Re: Arrays and Hashes woes
by Jenda (Abbot) on Mar 16, 2009 at 18:28 UTC
    use XML::Rules; my $parser = XML::Rules->new( stripspaces => 3, rules => { 'ID,value' => 'content', field => sub {$_[1]->{ID} => $_[1]->{value}}, page => 'as array', root => sub {$_[1]->{page}}, } ); my $data = $parser->parse(\*DATA); use Data::Dumper; print Dumper($data); $data->[1]{Comments} = "many, of various quality"; # on the other hand the output is rather crazy.
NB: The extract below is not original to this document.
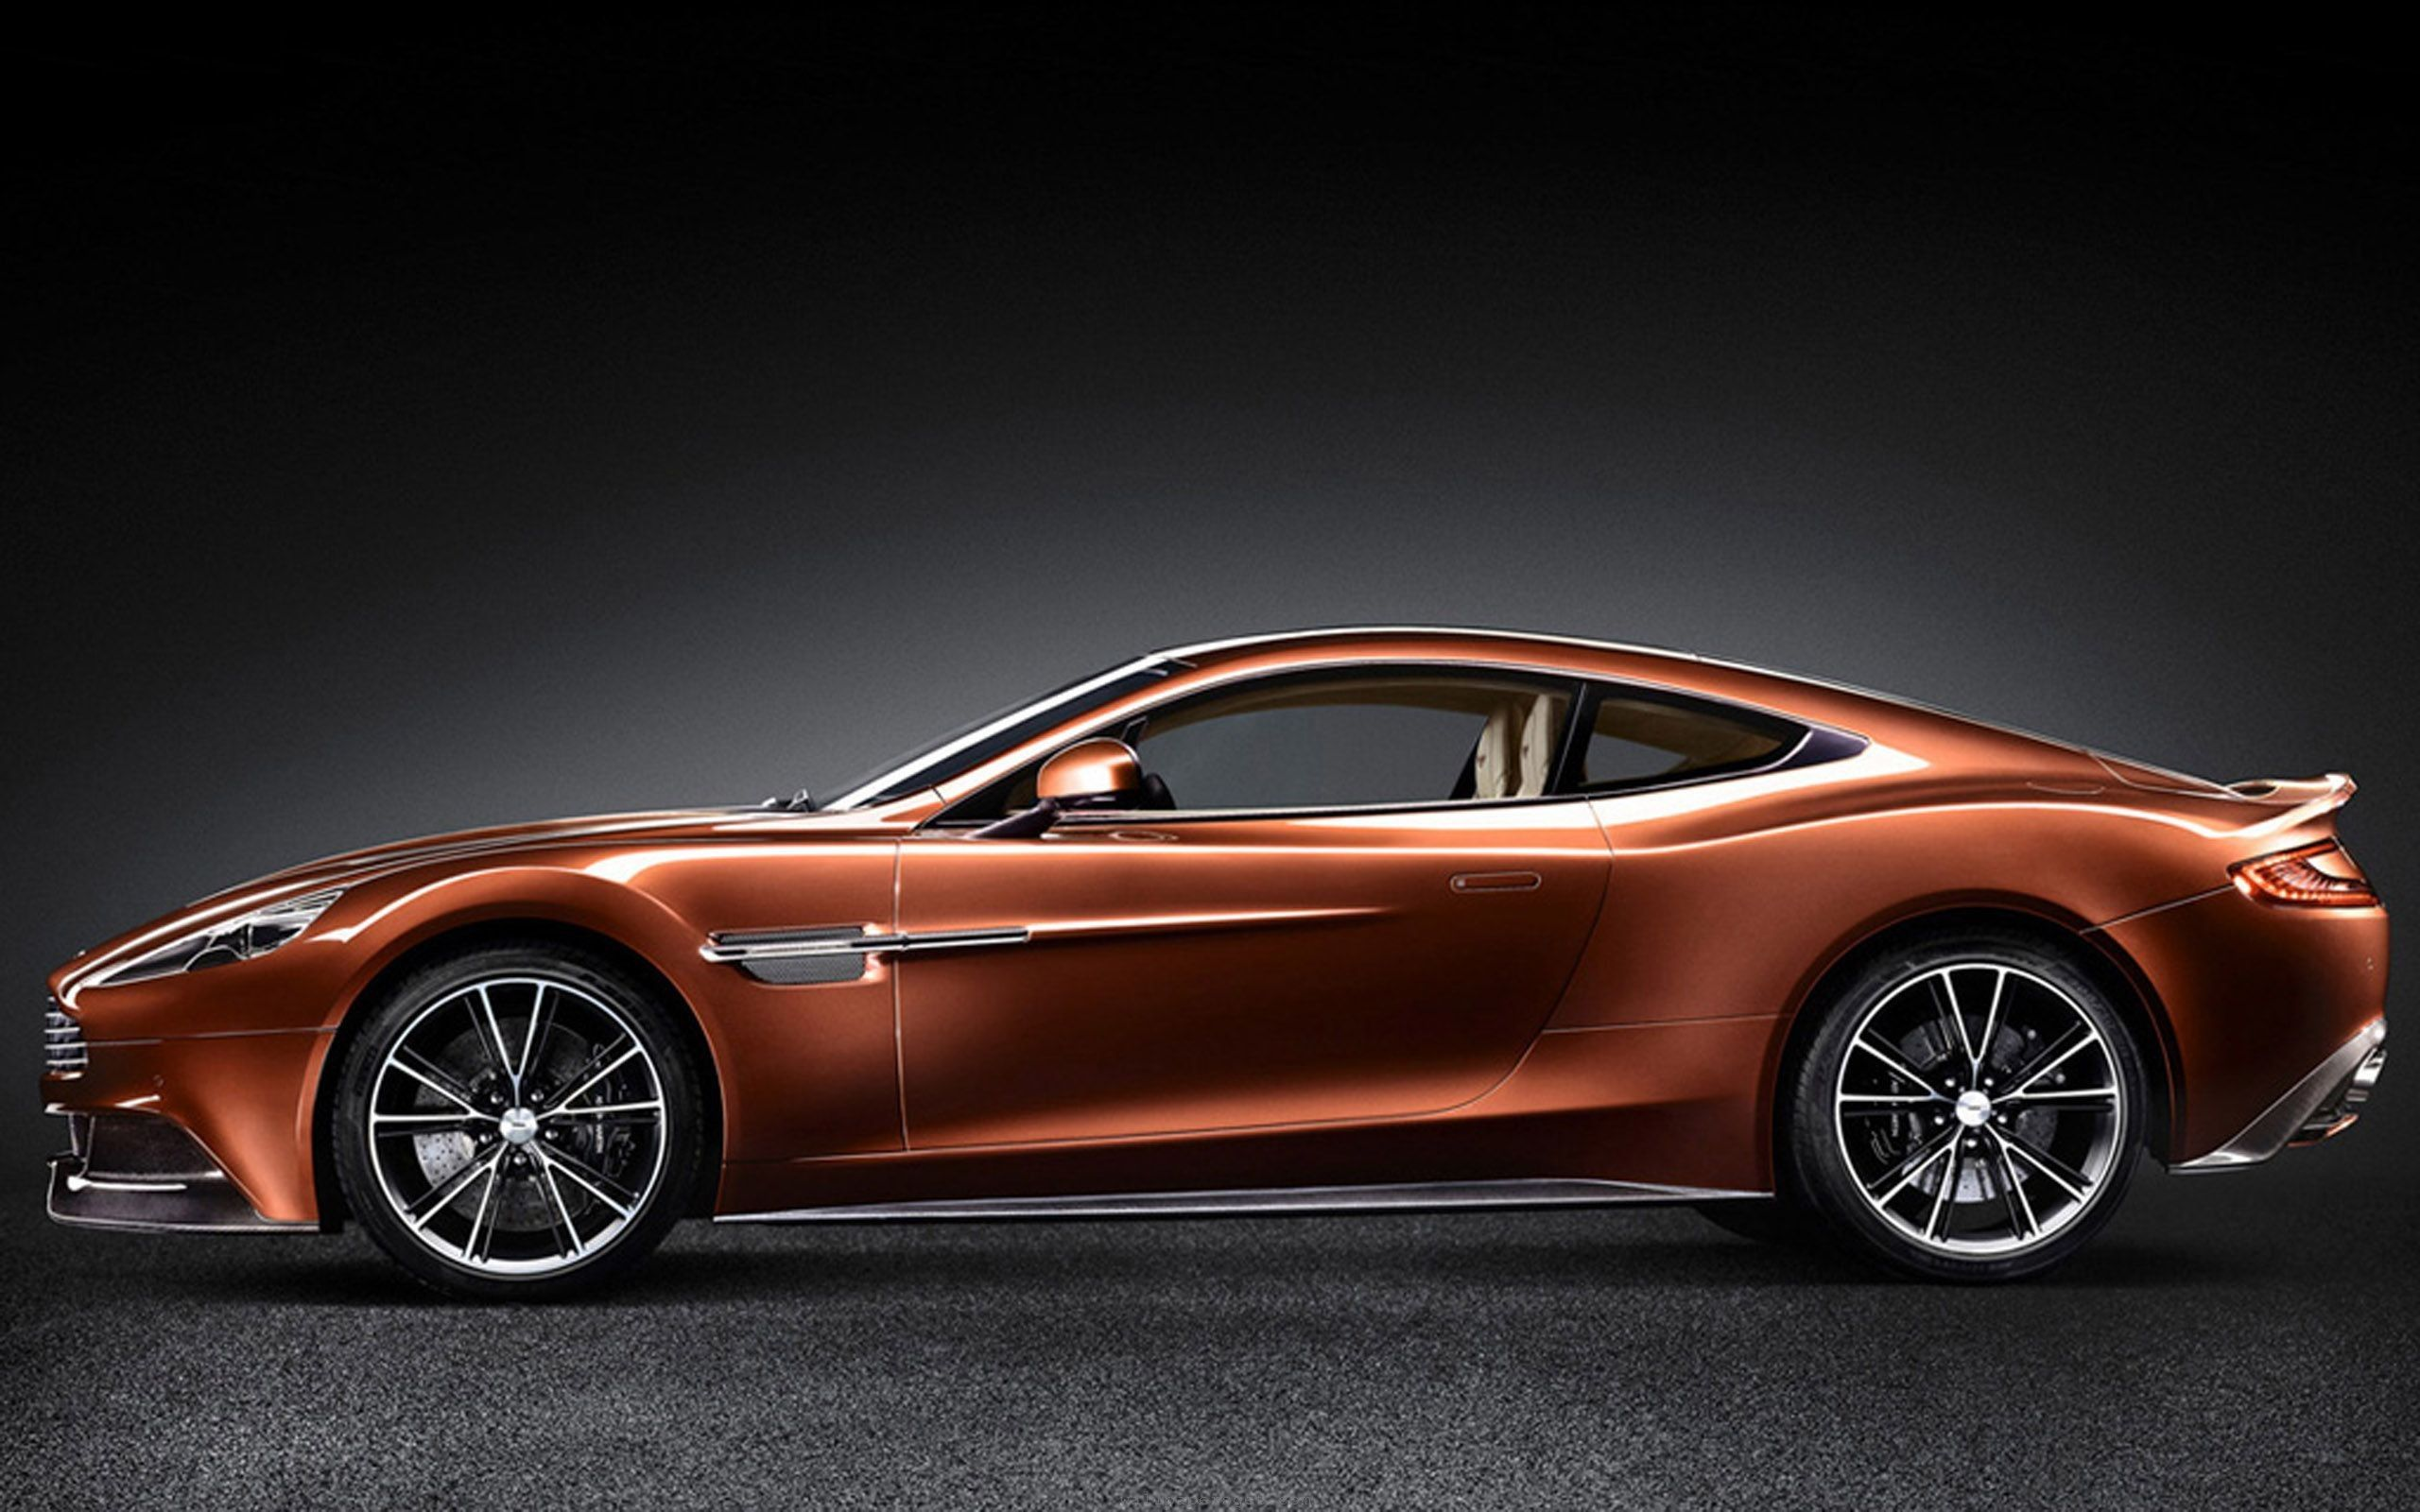 Aston Martin V12 Vanquish British Luxury Elegant Sports Cars Side Wheels Wallpapers
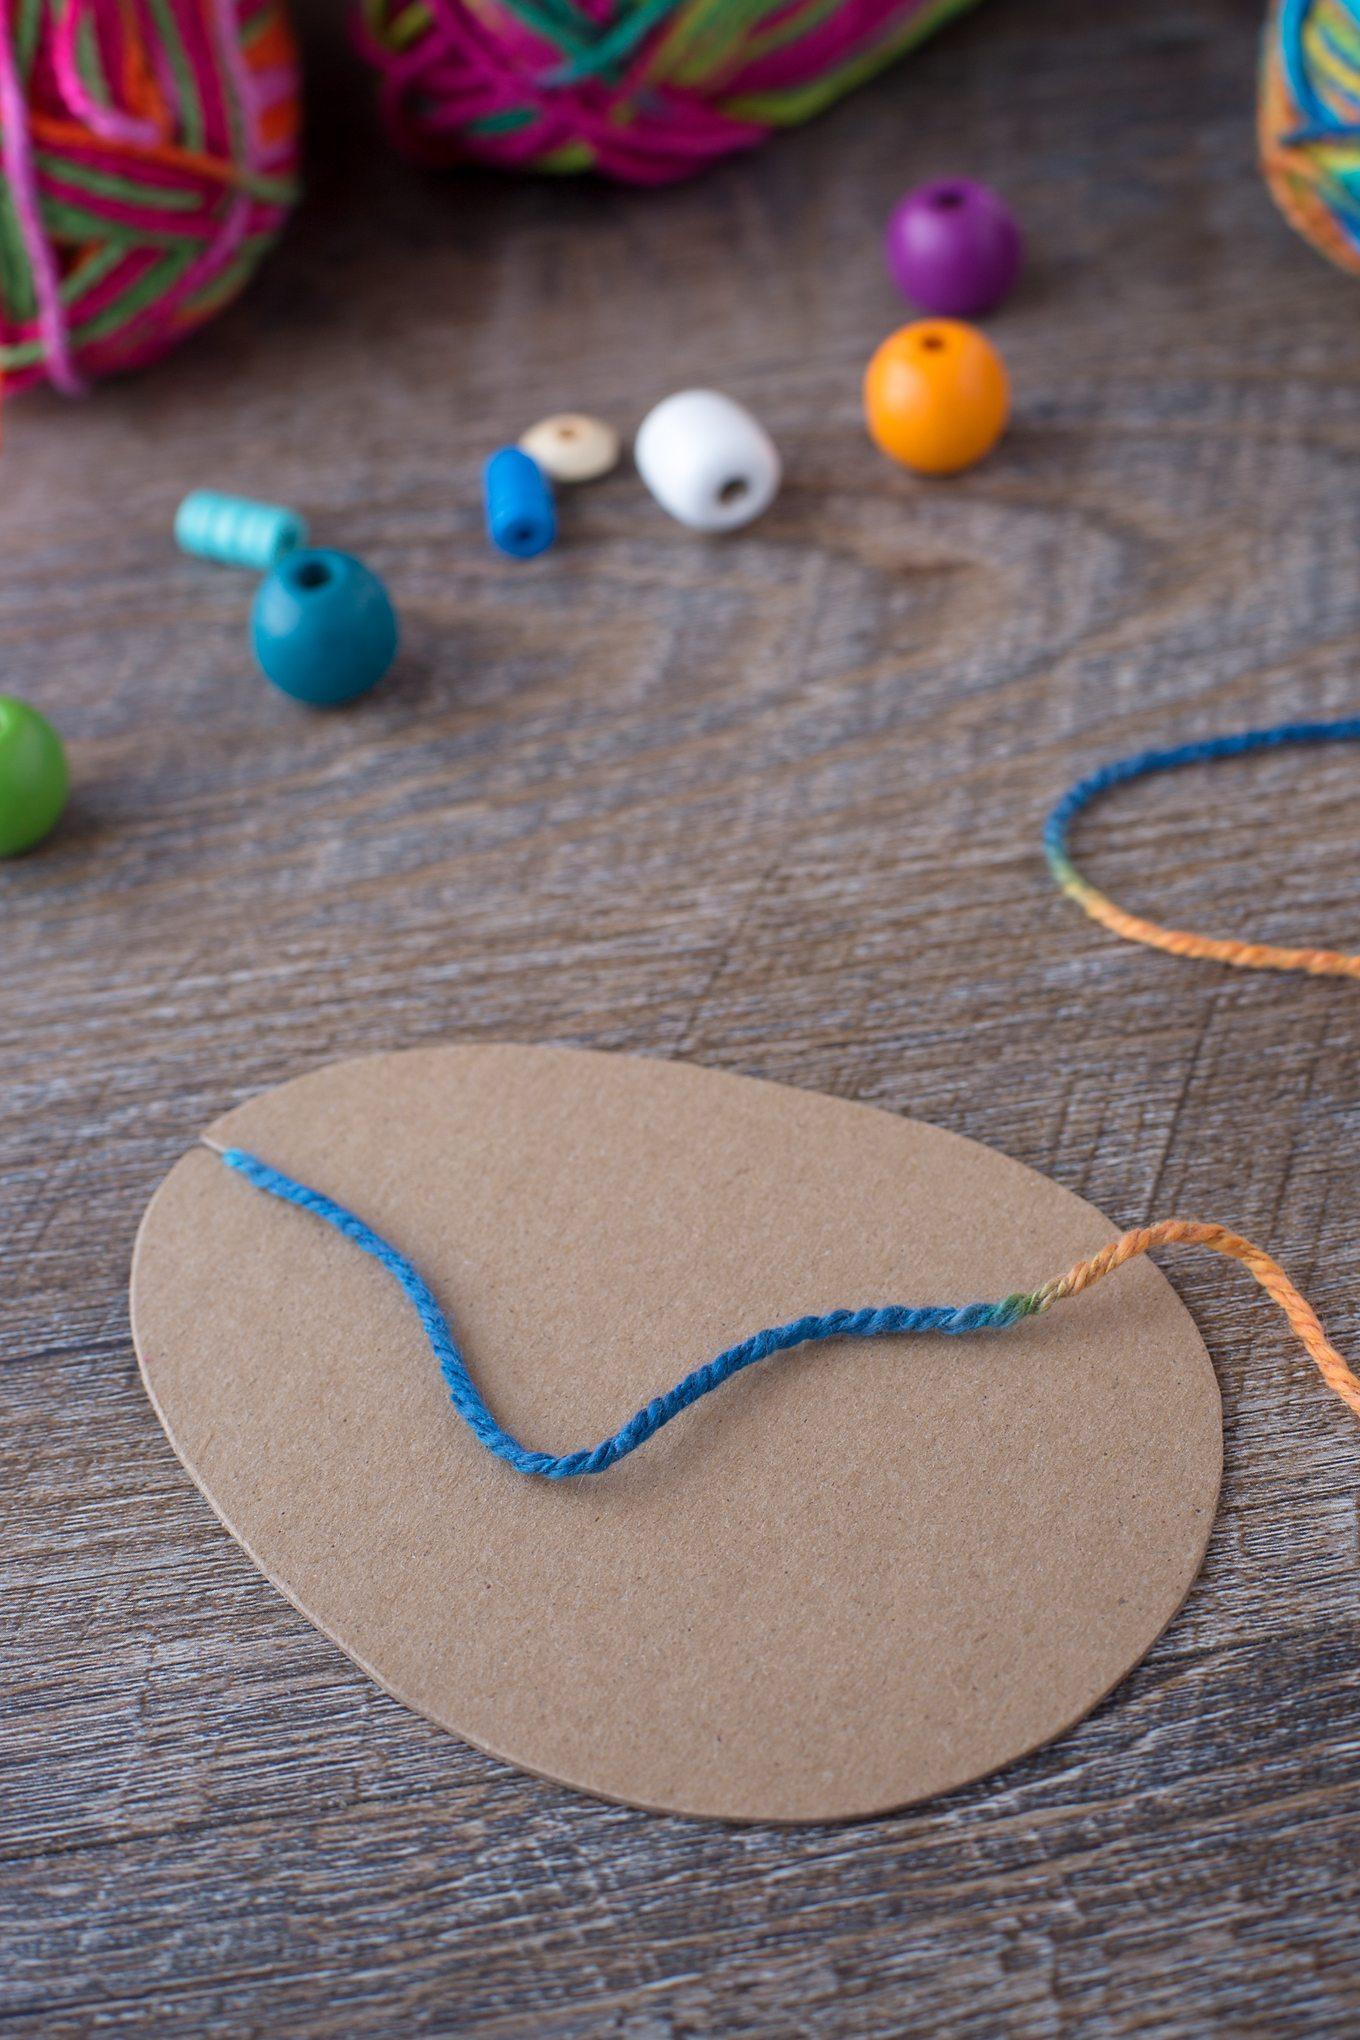 Blue Yarn on Cardboard Easter Egg

We have to convert the + data structure to a format containing all the tags. print $parser->ToXML(root => {page => [map { my $fields = $_; +{field => [map { +{ID => [$_], value => [$fields->{$_}]} } keys % +$fields]} } @$data]}, 0, ' '); # or, if I split it down a bit: print $parser->ToXML(root => {page => [map { hash2fields($_) } @$data] +}, 0, ' '); sub hash2fields { my $fields = shift; return {field => [map { +{ID => [$_], value => [$fields->{$_}]} } +keys %$fields]} } __DATA__ <root> <page> <field> <ID>fname</ID> <value>Jenda</value> </field> <field> <ID>lname</ID> <value>Krynicky</value> </field> </page> <page> <field> <ID>Site</ID> <value>PerlMonks</value> </field> <field> <ID>Nick</ID> <value>Jenda</value> </field> </page> </root>

    A little easier to access and modify the data (plus the data structure takes up less memory), the output is a bit scary. Use Data::Dumper to have a look at the structure passed to ->ToXML() to see how it works, it's quite similar to what XML::Simple produced.

    P.S.: If anyone has a clever idea how better to specify the datastructure->XML mapping I'm all ears.

    Update: I posted a meditation regarding the output at Datastructures to XML.

Re: Arrays and Hashes woes
by locked_user sundialsvc4 (Abbot) on Mar 16, 2009 at 16:27 UTC

    As you've just witnessed, “the secret, if there is one,” is references. The syntax of Perl is, typically, relaxed about such matters: it does not buttonhole you with a mandatory grammar lesson. (Yay!) The key idea is that... both arrays and hashes can (appear to) contain anything-at-all, or even to contain the same thing in many different structures and places (such that changes appear everywhere-at-once) because what is actually being tossed-about are references to these things. No matter how big-and-hairy is “the thing that the reference refers to,” and no matter how many other references might be doing the same, each reference is a small and tidy and efficient thing ... somewhat like a highly-civilized pointer with very good manners. Once you grok what is being done(!), it's natural, intuitive, resource-efficient, and of course, quite powerful.